The new tutor would be a man in his early 60’s / late 50’s.  A man with ample experience in teaching.  There would be two more students along with me – a boy and a girl. It was on the way from my office to home. My father had accompanied me on the first day. He took me there. Introduced me to the teacher. Met him. Spoke to him. Looked at the place.  Checked out the washroom. Met the other students.  Once he was satisfied that it was all good I started attending classes there.

Since the classes were in the evening after office hours, there were times when all three of us students would not be able to make it.  The other girl had gone on vacation. The other guy would be invariably late.  I would end up alone a lot of times. This tutor would give me a problem to solve.  While I would be working, he would move around the room. He would be singing some cheap song while checking me out.  He would then narrate the most inappropriate stories from his college days. Once he told me about some women who was very beautiful who fainted and how her skirt got lifted up. I don’t remember the rest of the story. It was too disgusting.

When the other girl came back, I told her how weird he was. She agreed. She told me some other incidents where his conduct with her was objectionable too. Our exams were coming up. It would be difficult to find another tutor who would complete the syllabus from where we left off, and be available at that precious one hour where we stopped by after our work, and be located on our way to our home. We both decided that he is an idiot but we cannot afford to leave the classes. And hence we continued. And so did his strange behavior.  I did not even know what to tell my parents so I just stayed silent.

One day, it was full house with all three of us students. The teacher asked me to solve a problem which I could not. He said it was an extremely simple problem.

“I do not know how you cleared the first level exams. If you do not even know this much! How will you pass the final exam, I wonder!!”

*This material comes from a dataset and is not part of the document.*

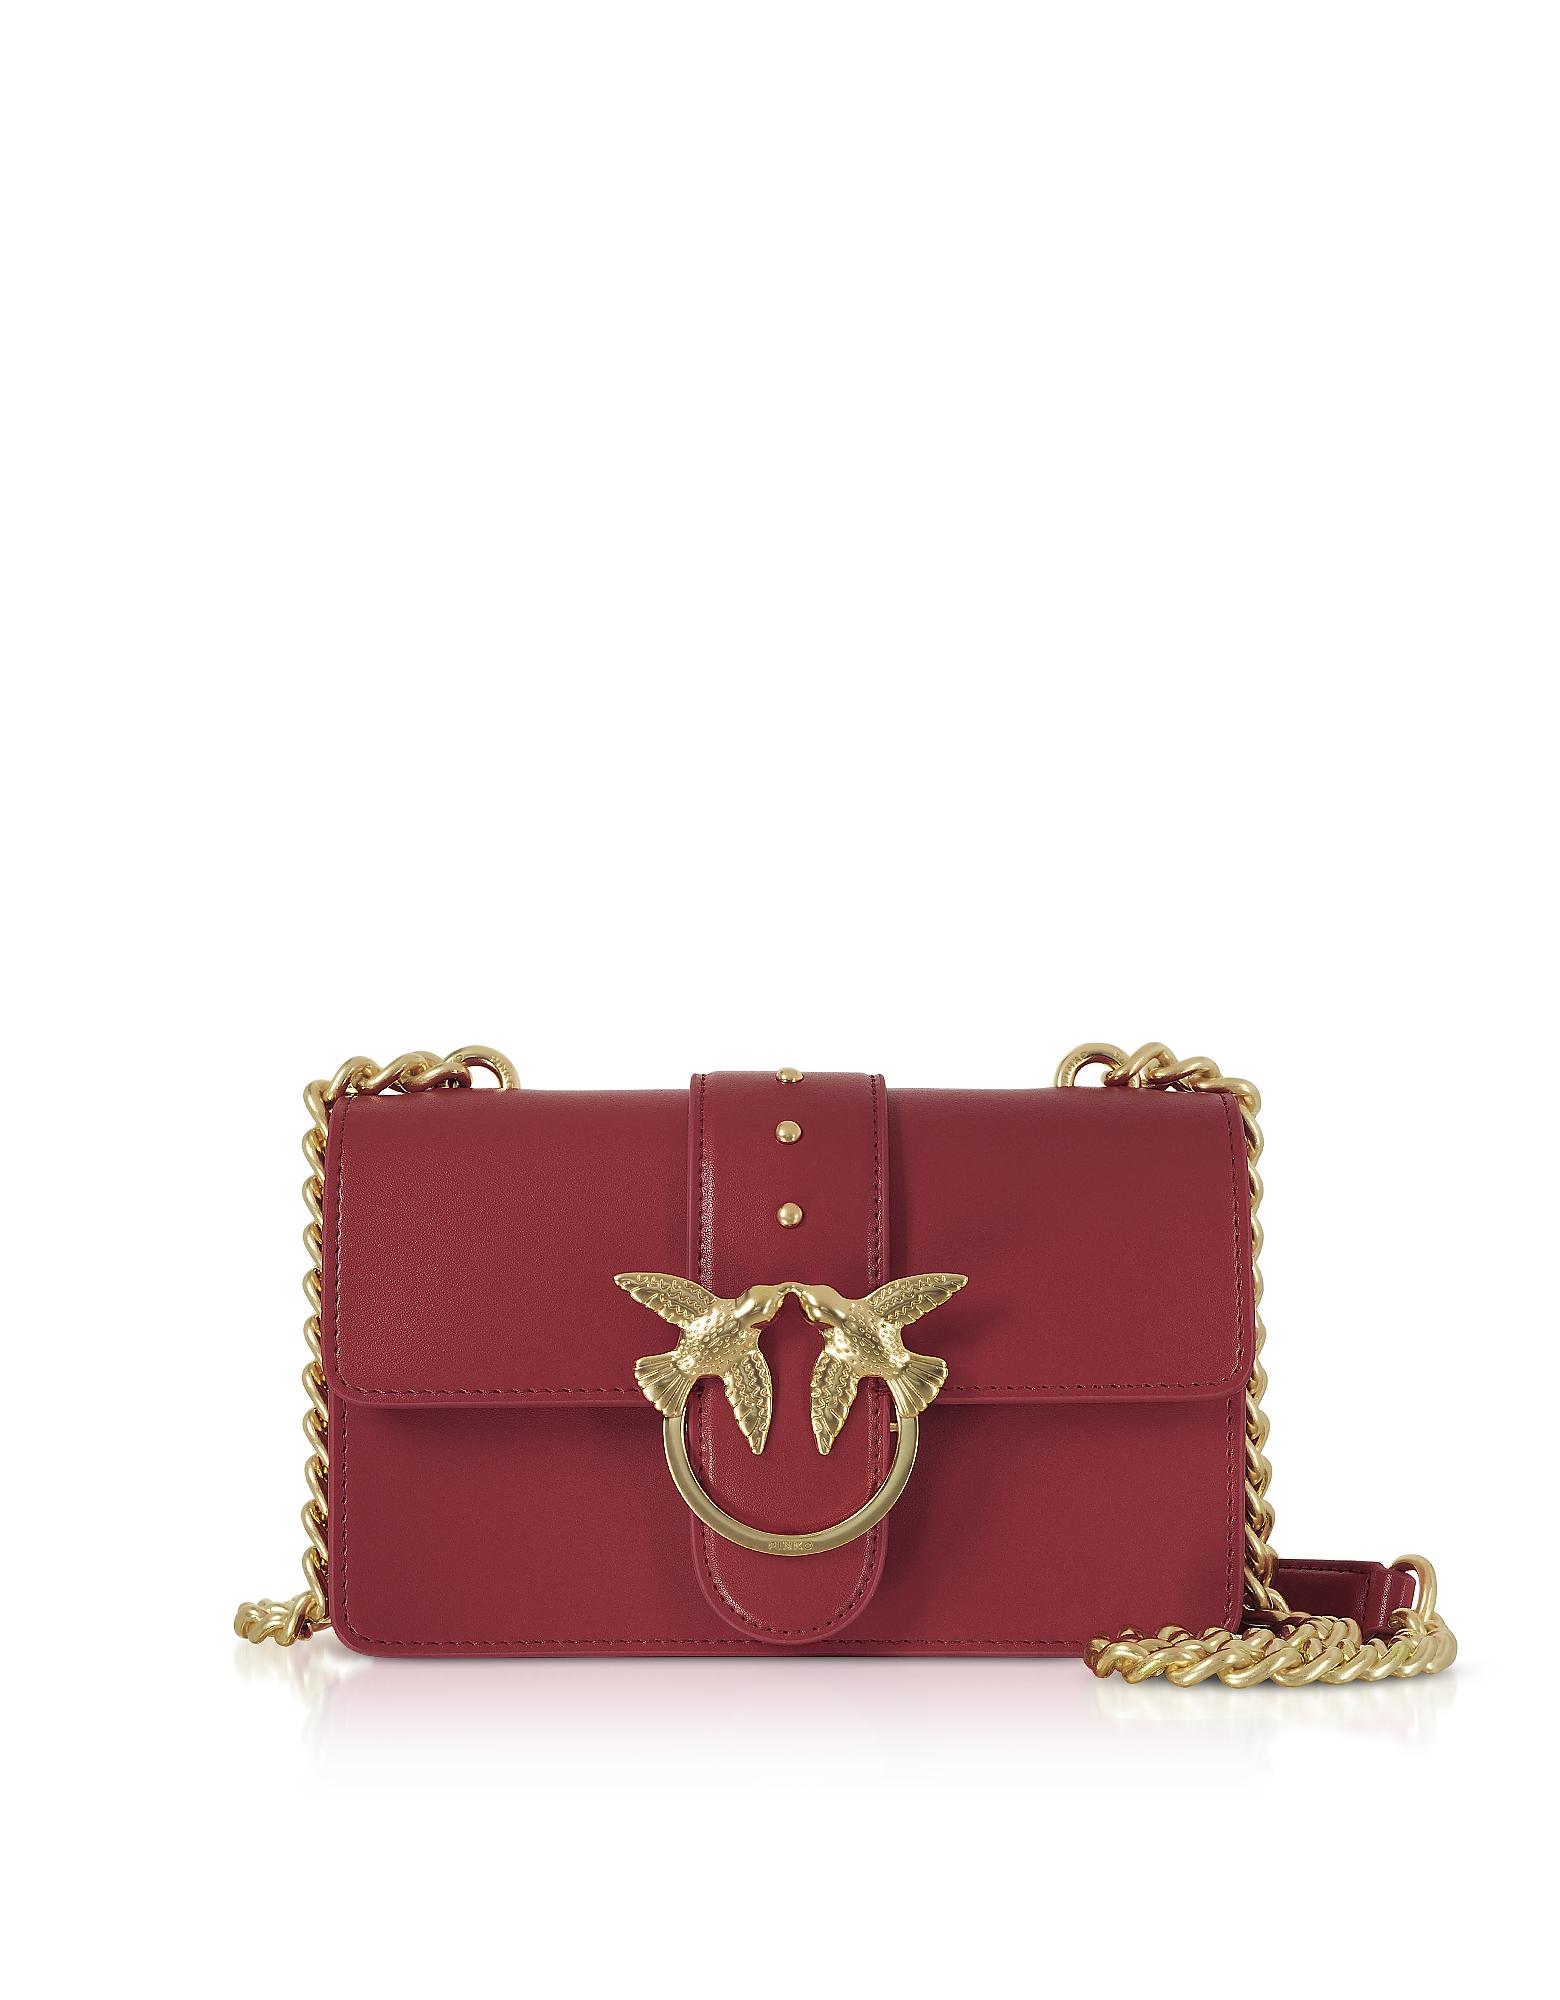 Pinko Designer Handbags, Mini Love Crossbody Bag

This was something he loved to say to us. Tell us how stupid we were and if we did not work hard we would fail. But this time something got to me.

It does not matter what you think. I have a passing certificate.” I replied. The other students looked up from their notebook. The teacher looked horrified.

“What do you mean?’

“I mean that your job is to help us clear the exams. Not to demotivate us. We do not need your certificate on our past achievement. We paid you to teach us for the next exam.”

He was fuming with anger. His face was red.

“How dare you talk to me like this!”

“Shut up!” I replied.  I was shocked at my own anger.

“Get out of my premises! Now”.

The other girl and I quickly packed our bags and left. The guy was a little slow. He was not sure whether he was supposed to leave. Would that mean he is joining our protest? Or should he stay there and express his solidarity with the teacher?

The girl and I were by now “out of his premises”. We both had not said a word to each other until now.

“Tanvi.. he asked for it!”

‘Yes he did!”

“You did not say anything wrong! When you said ‘Shut up’, you should have seen his face!! It was red!”

And then we both laughed. Of course I did not go back there again. The other two students continued till the syllabus got over.

I stayed in touch with the girl. She told me that the other guy felt I should not have said ‘Shut up’ to an elderly person. The teacher said to him that I was rude, uncultured, disrespectful. The student also felt I had unnecessarily been difficult. Of course, he had no idea how much anger had built up inside the girls all this time.

Perverts are everywhere. They come in all ages. They come from trustworthy sources. An elderly, harmless looking man introduced by your parents, someone they have met and verified.

Why didn’t I say ‘Shut up’ when he was singing a cheap song, looking at me from head to toe, stripping me with his eyes?

Why didn’t I say, ‘Shut up, your job is to teach’ when he was narrating that horrible skirt up story?

I don’t have an answer. I am just glad I spoke up when I did. And I would not want to change that.